"Les digo a los jóvenes que la lectura les puede salvar la vida"

El escritor y productor acerca a Tucumán la experiencia editorial de "Eloísa cartonera". La historia de un repositor de supermercado al que la foto de un barbudo con la camiseta de Rácing lo condujo a la literatura.

YO Y EL OTRO. Santiago Vega alterna con Washington Cucurto. LA GACETA / JUAN PABLO SANCHEZ NOLI
YO Y EL OTRO. Santiago Vega "alterna" con Washington Cucurto. LA GACETA / JUAN PABLO SANCHEZ NOLI
06 Mayo 2010
"Me siento un trabajador de la cultura", afirma Santiago Vega (o Washington Cucurto, su alter ego) un poeta, narrador y editor que hace siete años logró conmover al "establishment" cultural porteño con su proyecto editorial Eloísa Cartonera, por el cual edita libros de cartón comprado a los cartoneros de la ciudad de Buenos Aires.

Nacido en la localidad bonaerense de Quilmes, hijo de una familia humilde, Vega/Cucurto ha escrito, entre otros títulos, "La Máquina de hacer Paraguayitos", "Veinte Pungas contra un Pasajero", "Cosas de Negros" y "1810. La revolución vivida por los negros".

En Tucumán, donde vino a trabajar con la Asociación Civil "Crecer Juntos" para el armado de un proyecto editorial inspirado en "Eloísa cartonera", Cucurto habló con LA GACETA acerca de cómo un quilmeño humilde concitó la atención de una parte de importante de la intelectualidad porteña..

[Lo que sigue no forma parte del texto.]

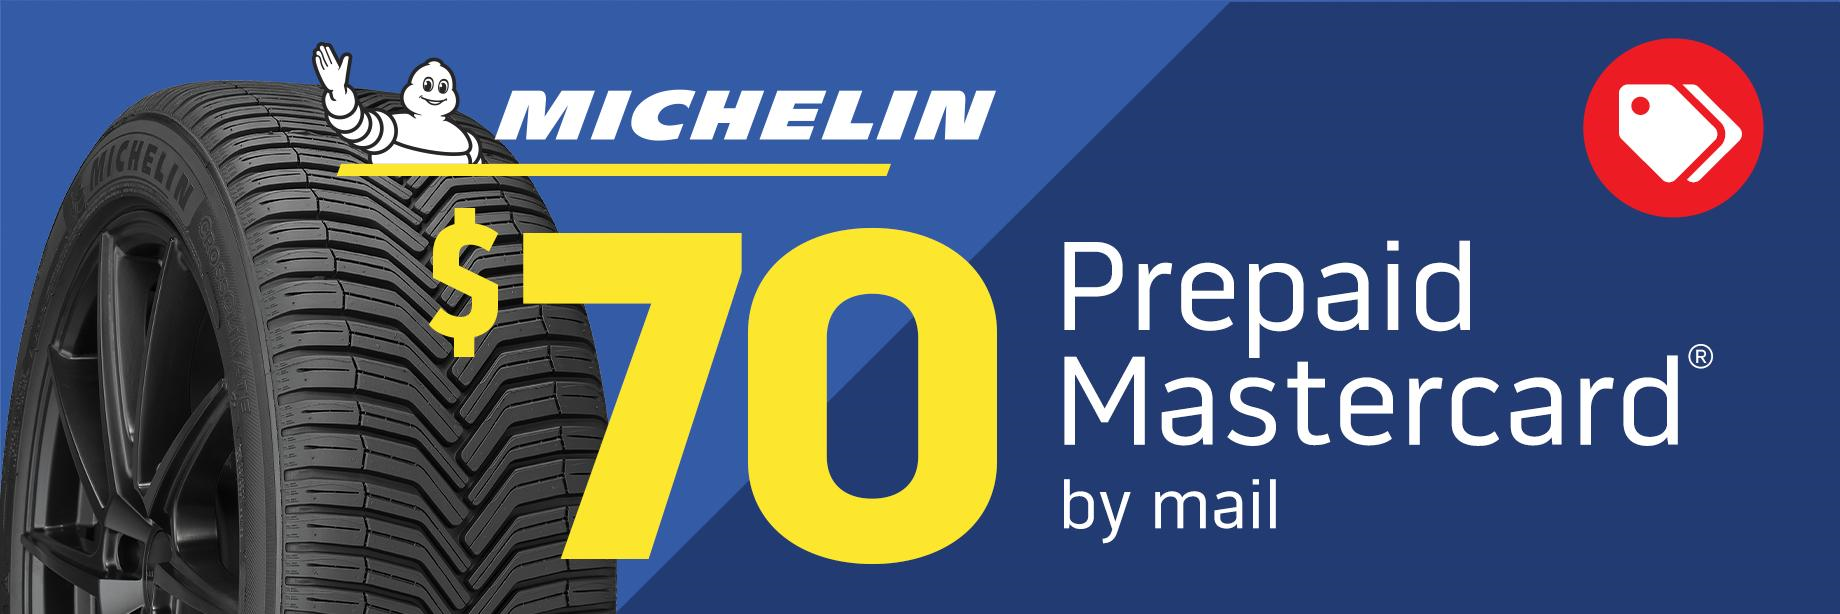 Discount Tire Direct Michelin Rebate

- Escritor, editor...¿en qué rótulo se siente más cómodo?

- Me siento más un trabajador de la cooperativa, porque ahí he descubierto que uno tiene un plan, y que lo puede llevar a cabo con los demás. Y eso me da muchas satisfacciones.

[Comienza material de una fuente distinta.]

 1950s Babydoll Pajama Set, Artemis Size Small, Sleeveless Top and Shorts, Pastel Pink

- ¿De dónde viene el "Washington Cucurto"?

- Cuando empecé en el mundo de los libros, unos muchachos me empezaron a decir Cucurto, porque yo usaba un argot callejero, yo no curto tal cosa, una vez, me equivoqué, y en vez de decir "no curto", dije: "no Cucurto". Y lo de Washington, porque soy el más morocho de un grupo de blancos, cargándome un poco, me pusieron Washington.

- ¿Cómo llegó al oficio de escritor y de editor? Entre Vega y Cucurto parece haber dos mundos...

- Ya de joven yo me sentí en dos mundos. A los 23 años trabajaba en Carrefour, como repositor. Y ya entonces había dos mundos, el de toda mi vida y el mundo cultural.

- ¿Qué es lo que le hizo click?

- Mientras estábamos comiendo en el comedor de la empresa, un compañero me muestra una revista cultural - Crisis-. La abre y me muestra la foto con unos muchachos con una camiseta de Racing; un equipo de fútbol barrial. Y me dijo, mirá, este es Roberto Santoro, es un gran poeta (N de la R: desaparecido en 1976). Y me quedó esa imagen... me pareció muy raro eso de un poeta jugando al fútbol. Y empecé a leer, esos poemas que me parecieron muy sencillos; y me fui metiendo. De pronto sentí que ese tipo estaba cercano a mí, a mis vecinos, a mi familia, a lo que yo era.. Y después comencé a escribir; a contar las historias que yo vivía en el supermercado, en el barrio...

- ¿Reconoce haber tenido maestros?

- Más que maestros, escritores a los que he leído mucho. Son muchos, pero, entre ellos están los Lamborghini, Néstor Perlongher, Baldomero Fernández Moreno; una literatura más bien identificada con lo nacional, con el peronismo; a lo mejor, más bien localista, pero, bueh...

- Hace un tiempo, Emecé editó un libro suyo. ¿No sintió que traicionaba su proyecto independiente?

- Todo lo que hago, trato de que sume a un proyecto grupal. Publicar en Emecé o en otras editoriales, es importante, porque suma...

- ¿Qué les recomendaría a los jóvenes de "Crecer juntos" con los que vino a trabajar en Tucumán?

- Que se acerquen a una forma de trabajo, que vean que con el esfuerzo se pueden hacer cosas; que hay que organizarse, y descubrir que en propuestas como estas no sólo se trata de cortar cartón, que hay autores interesantes, que la lectura te puede salvar la vida. De hecho, a mí, la literatura me ha ayudado mucho. Entré de casualidad, y en ese mundo dejé de ser el repositor, pude formar la cooperativa, sé que uno puede estar en un lugar en el que se sienta muy explotado... pero sé que otro mundo es posible.